Dog-sledding in Northern Minnesota
Going north on one of the coldest days of the year during one of the coldest winters on record might seem crazy. But then again, a dog-sledding adventure might seem a little crazy.
Crazy or not, dog-sledding might be the single greatest way to explore Minnesota’s great snow-covered Northwoods. Memorable doesn’t even begin to describe it.
This trip was a Christmas gift from my l fiancé Bri, who knew that my love of the north was only superseded by my love of dogs. It was pretty much the perfect gift.
Before our dogsledding adventure, the closest I had come to running a team of dogs was watching Disney’s Iron Will. Nonetheless, my excitement levels were off the charts. I had to check a few times to see if I peed my pants.

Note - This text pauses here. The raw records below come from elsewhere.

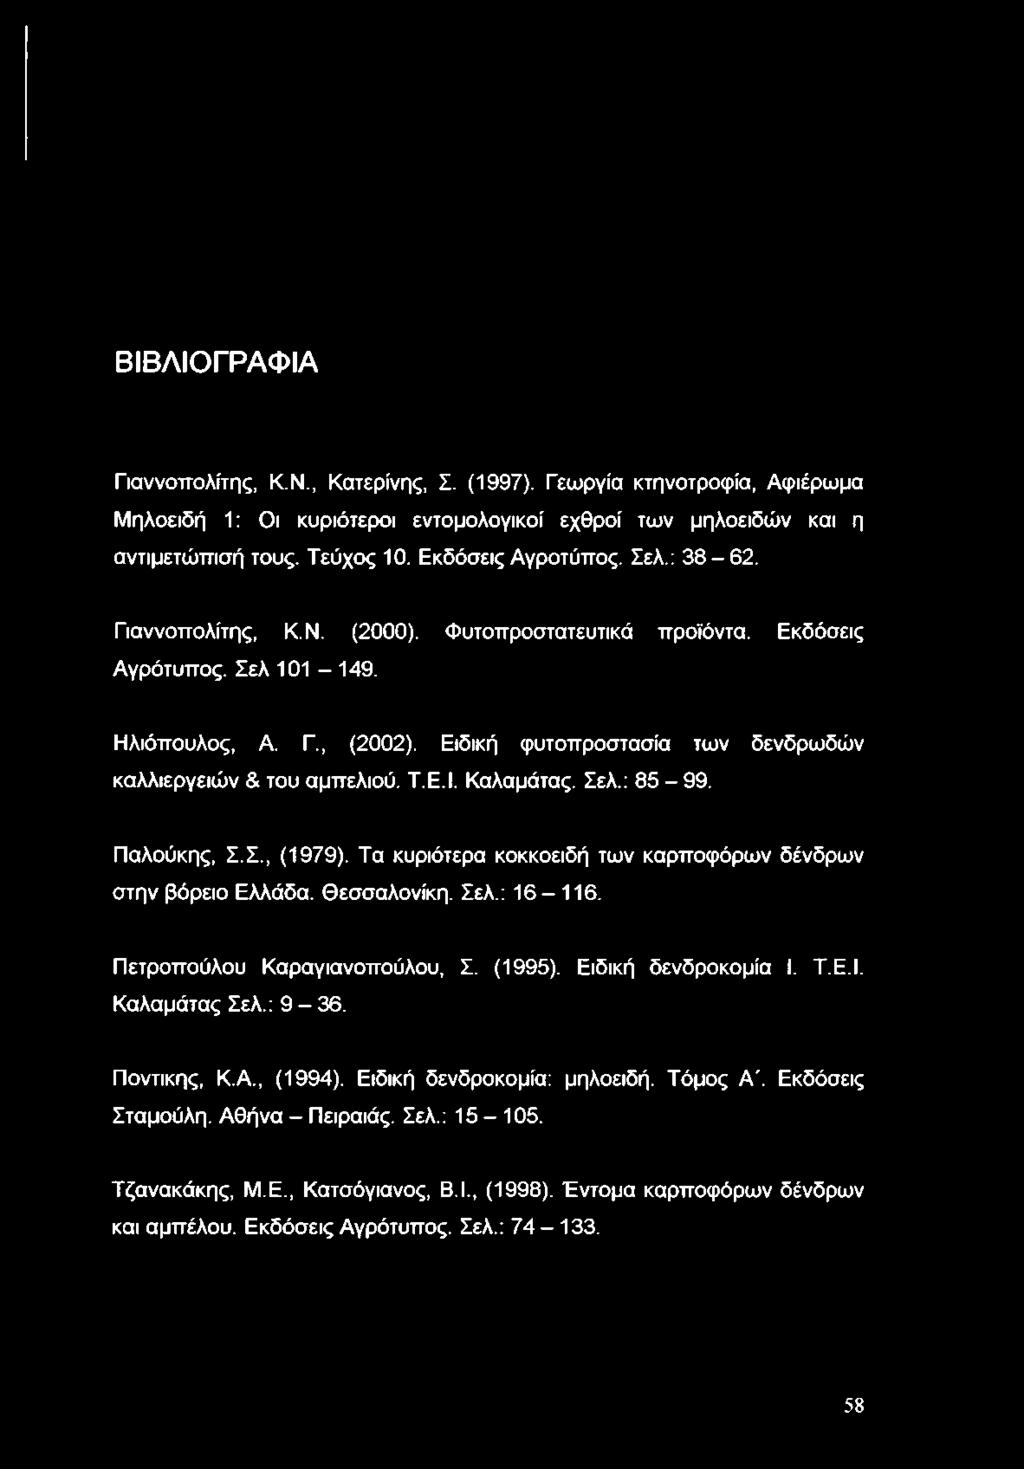 Ειδική φυτοπροστασία των δενδρωδών καλλιεργειών & του αμπελιού. Τ.Ε.Ι. Καλαμάτας. Σελ.: 85-99. Παλούκης, Σ.Σ., (1979). Τα κυριότερα κοκκοειδή των καρποφόρων δένδρων στην βόρειο Ελλάδα. Θεσσαλονίκη.
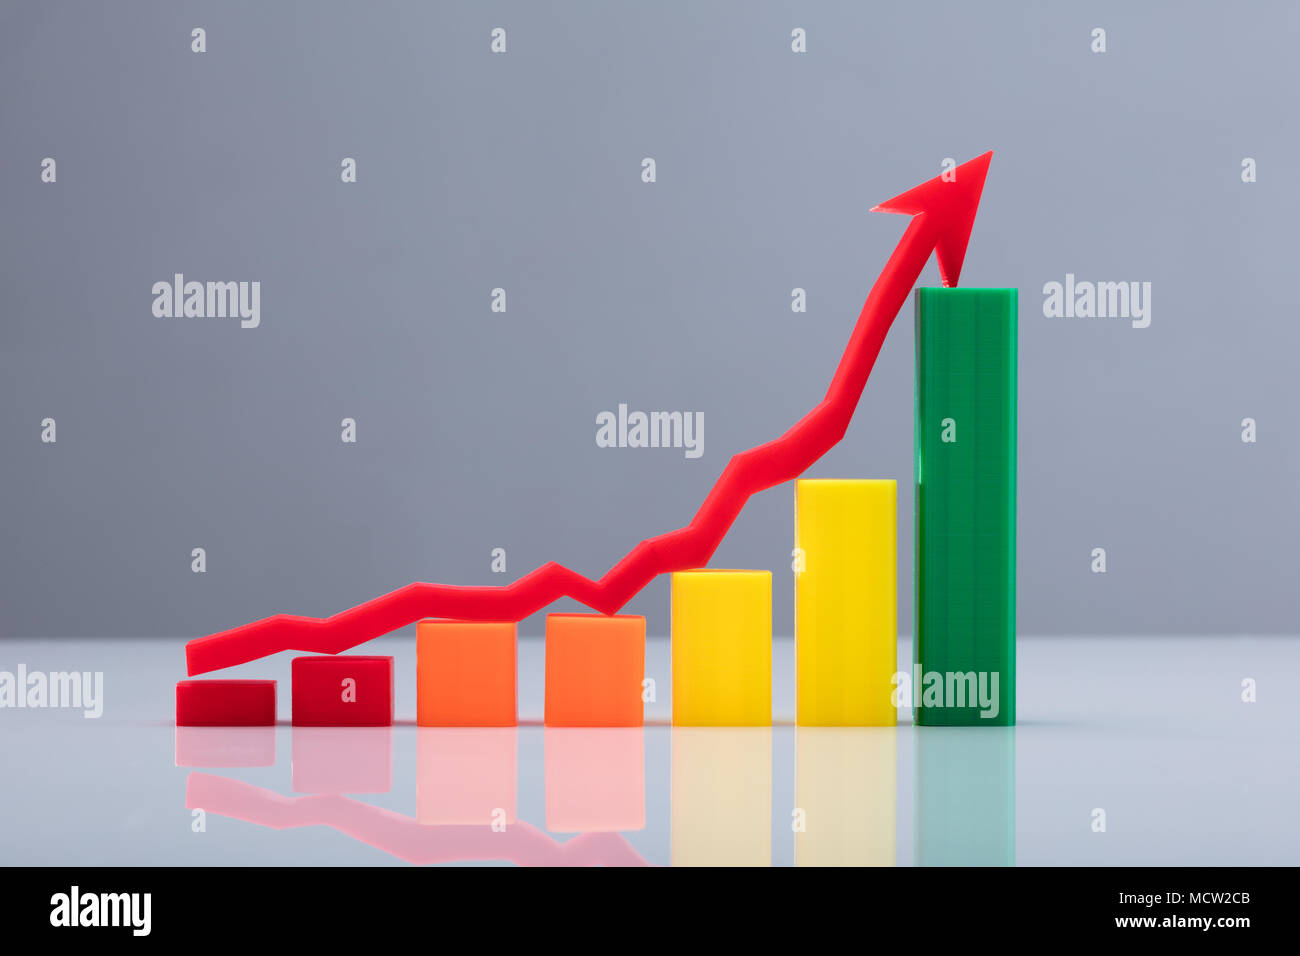 Gráfico de negocios multicolores Con Flecha Roja Cartel en sentido ascendente Foto de stock
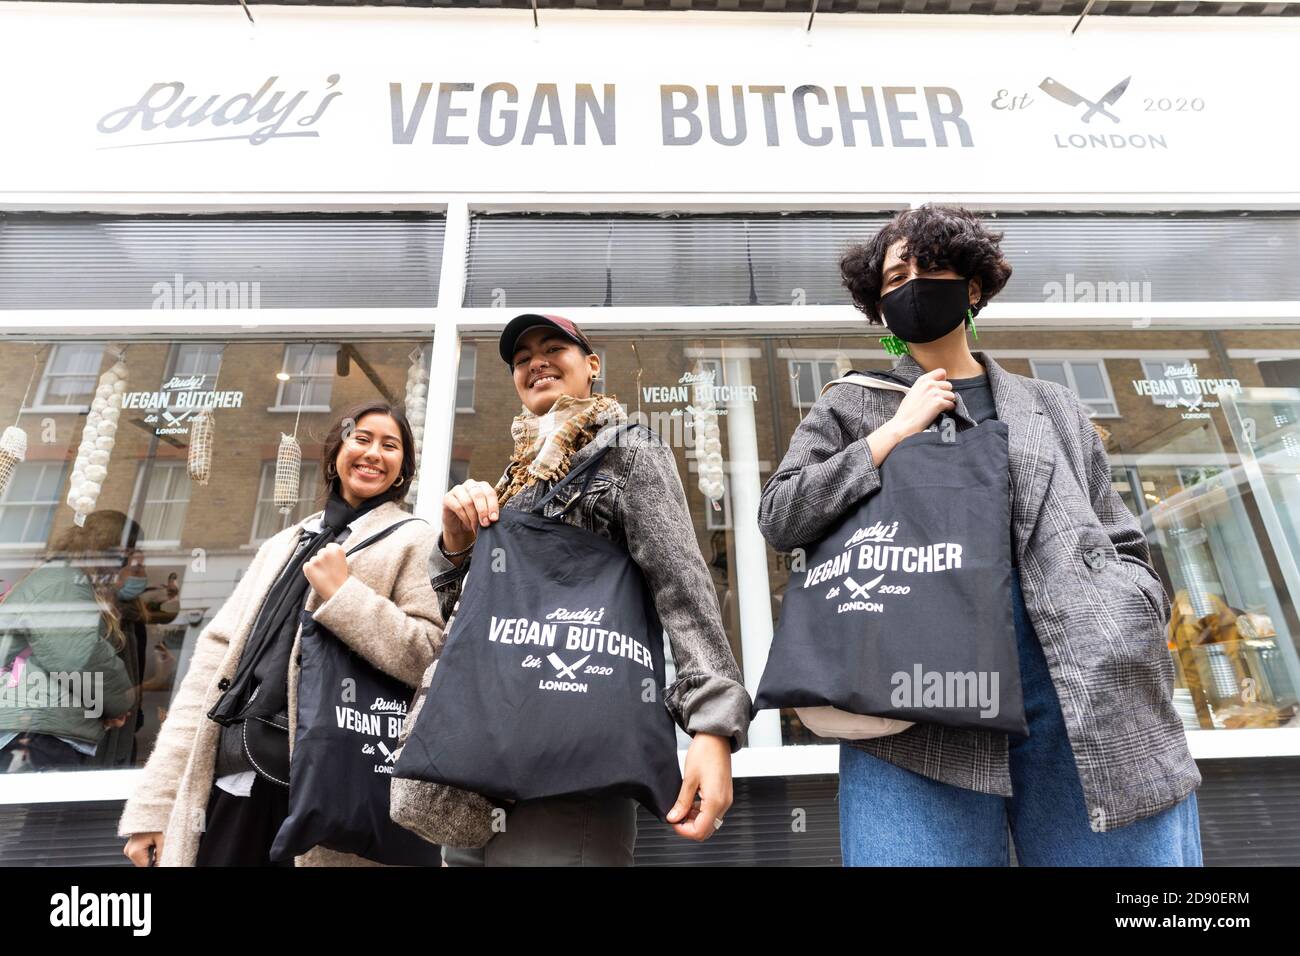 Rudys Vegan Butcher Delikatessen eröffnet in Islington London mit einem Ausverkaufstag. Eine Stunde vorher bildeten sich Warteschlangen, bis alle Produkte ausverkauft waren. Stockfoto

As my friend’s dad would say, “There’s no such thing as bad weather, just inappropriate clothing choices.” It was a cold winter and wasn’t looking like it would get warmer any time soon, so preparation was key.
The dog sledding outfitter, White Wilderness, sent Bri a list of everything you should bring along for your trip. Stuff that every self-respecting Minnesotan should know intuitively, but a good reminder and checklist — especially if you haven’t been dog-sledding before. Plus, if you didn’t have the gear, you could any and all of it from them.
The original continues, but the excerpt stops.